No projeto das reformas de base, nada havia de comunismo. Mas este foi o fantasma levantado para angariar o apoio popular e lançar uma campanha de orações por todo o país, com o apoio de setores das Igrejas Católica e Evangélica, pedindo proteção contra a ameaça vermelha.

Discordou do regime, era comunista e vítima de perseguição. Militava ou apoiava alguma organização política de oposição, estava sujeito à prisão legal ou ilegal, às torturas nas casas da morte clandestinas ou mesmo nos porões da repressão oficial.

A tortura existe desde tempos imemoriais como método de combate aos inimigos ou adversários. Mas, com o tempo, foi se sofisticando para não deixar marcas físicas que pudessem comprovar sua aplicação. Tornou-se “tortura científica”. De modo que, não passa de deboche e vilipêndio a afirmação do presidente Bolsonaro de que aguarda um exame de raios-x da mandíbula da ex-presidente Dilma Rousseff para comprovar a fratura decorrente da tortura.
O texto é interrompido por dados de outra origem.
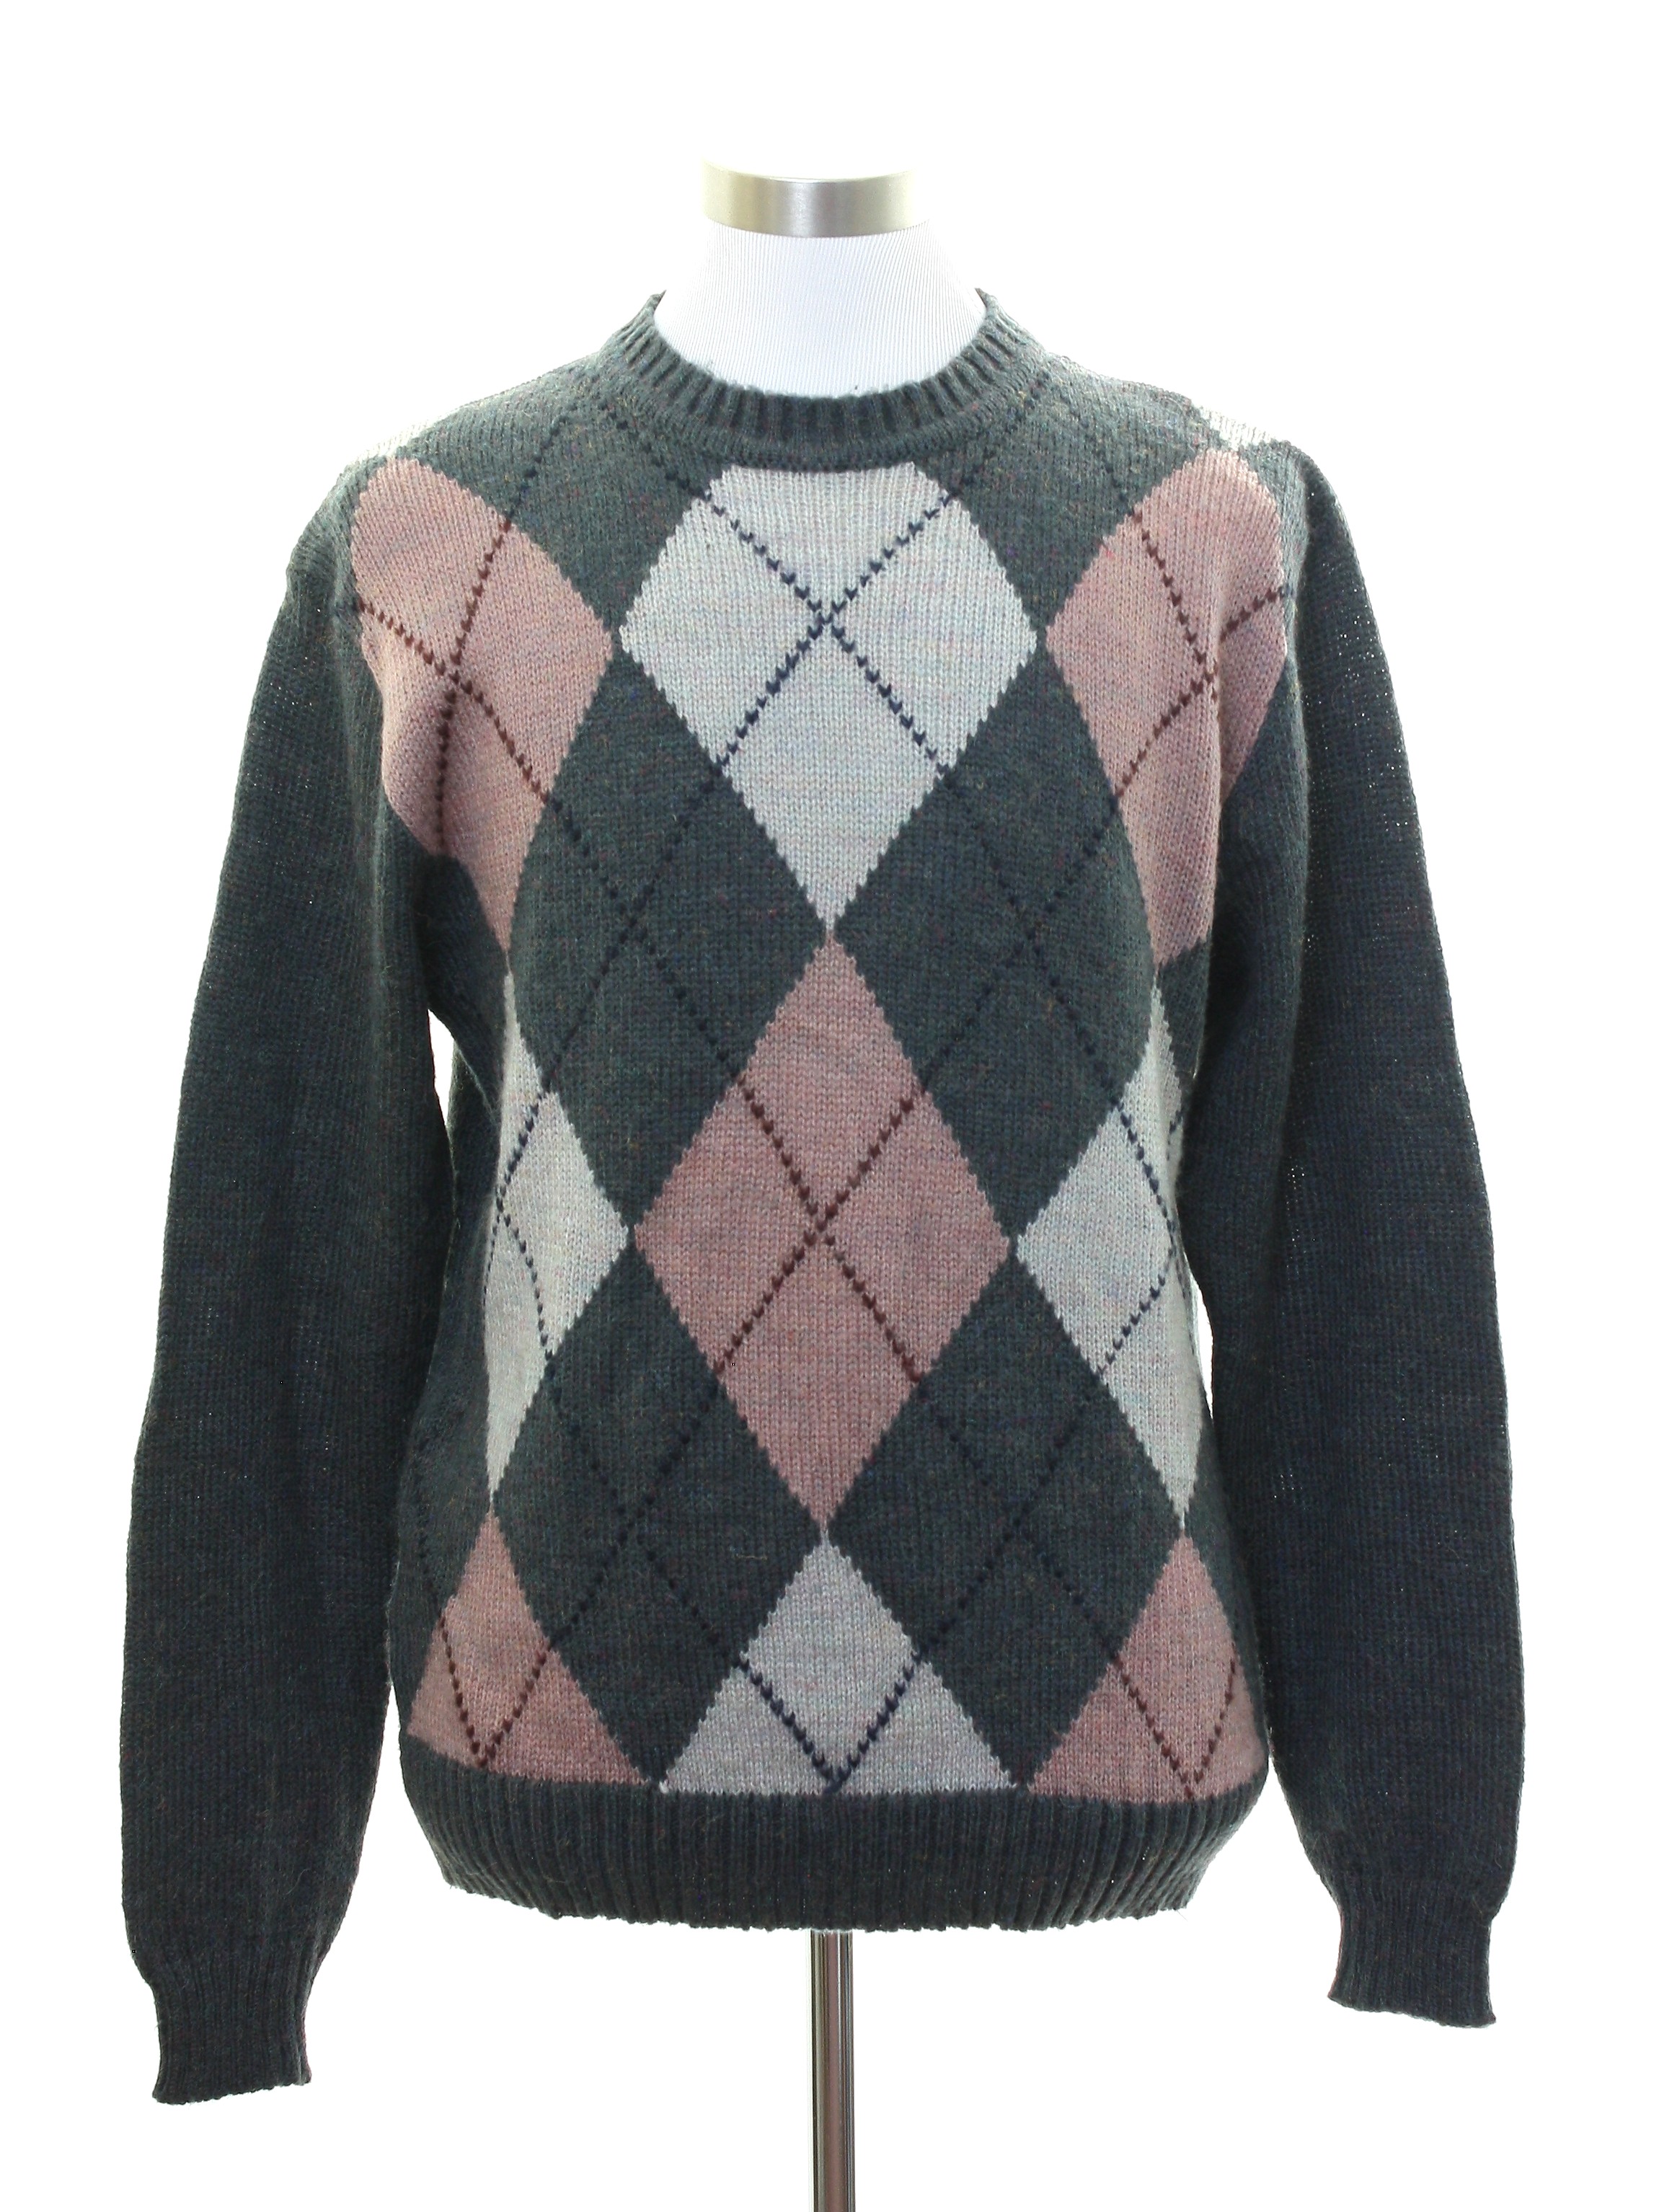 Nineties DG Garrison Sweater: Early 90s -DG Garrison- Mens dark gray ...
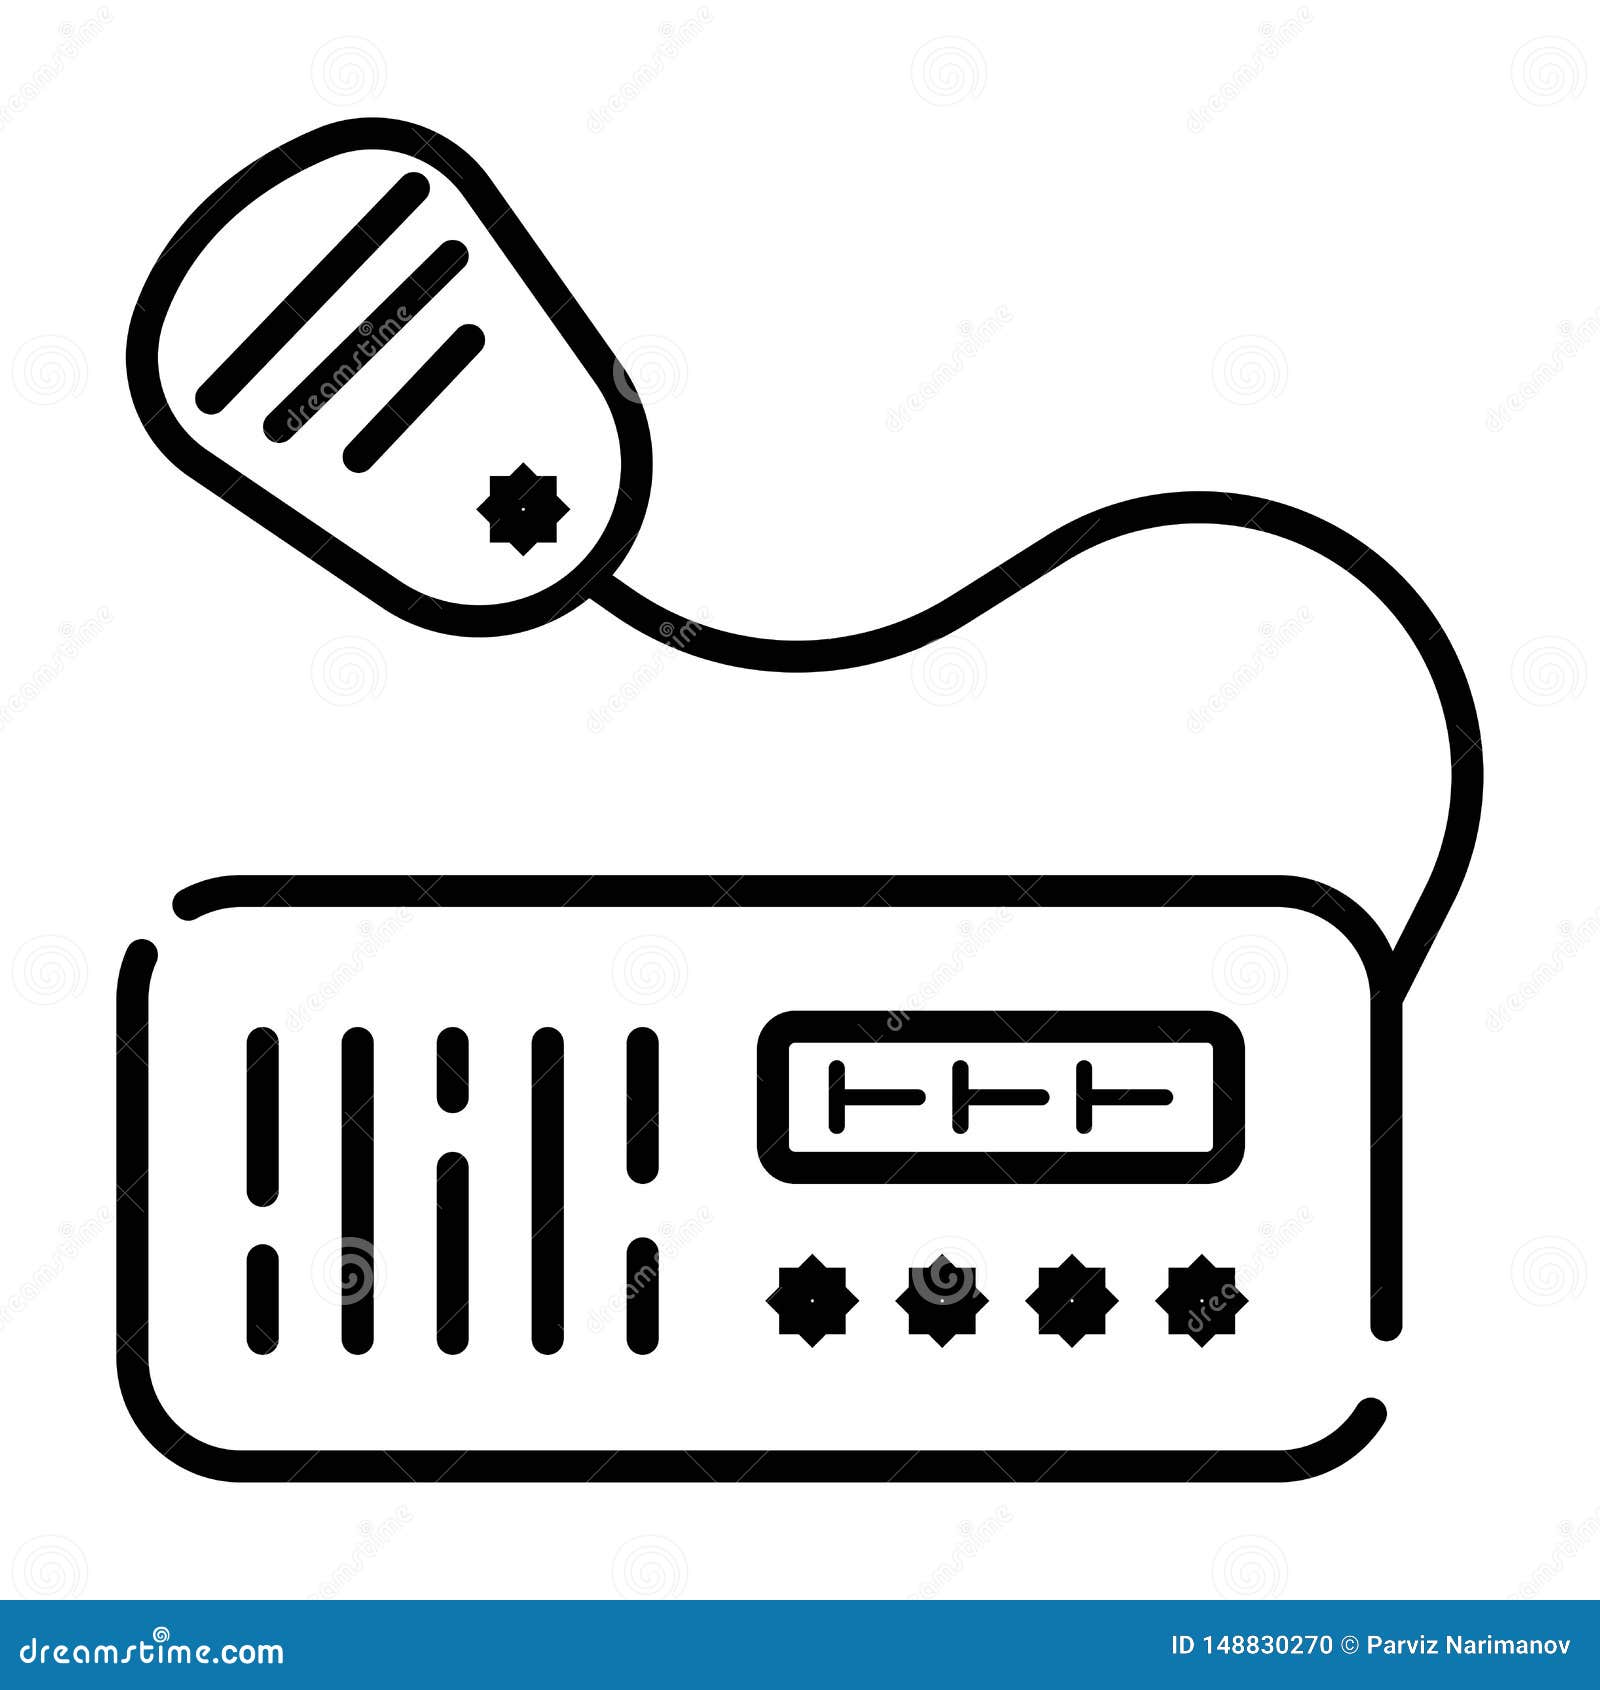 vhf radio transceiver icon

Capitão reformado do Exército (1973-1988), Bolsonaro sabe muito bem que as corporações militares não faziam exames para analisar os efeitos de suas torturas, as sequelas deixadas nos corpos dos que escaparam. Se bem que as principais marcas ficaram foi na alma. O torturador mais famoso e temido, Sérgio Paranhos Fleury, delegado do Dops de São Paulo, que chegou a ser convocado para prestar “serviços” em todo o país, disse para uma de suas vítimas mais famosas, Frei Tito: “Nós vamos te quebrar por dentro”.  Dito e feito. O frade escapou fisicamente, mas não conseguiu viver com as lembranças terríveis da “sucursal do inferno”, e cometeu suicídio.

Quarenta e cinco mulheres constam da lista de mortos e desaparecidos elaborada pela Comissão Nacional da Verdade. Centenas foram vítimas das torturas. Vinte e sete têm seus depoimentos registrados na publicação LUTA, SUBSTANTIVO FEMININO, editada pela Secretaria Especial de Políticas para as Mulheres da Secretaria Especial de Direitos Humanos, Editora Caros Amigos, São Paulo, 2010. Elas não apresentam raios-x, mas seu testemunho confirmado por companheiras/os presos na mesma época e, em alguns casos, até por torturadores que deram seu depoimento para a Comissão da Verdade, assumiram o crime e disseram que fariam tudo de novo. Outros dizem que o erro foi não eliminar todos os presos políticos.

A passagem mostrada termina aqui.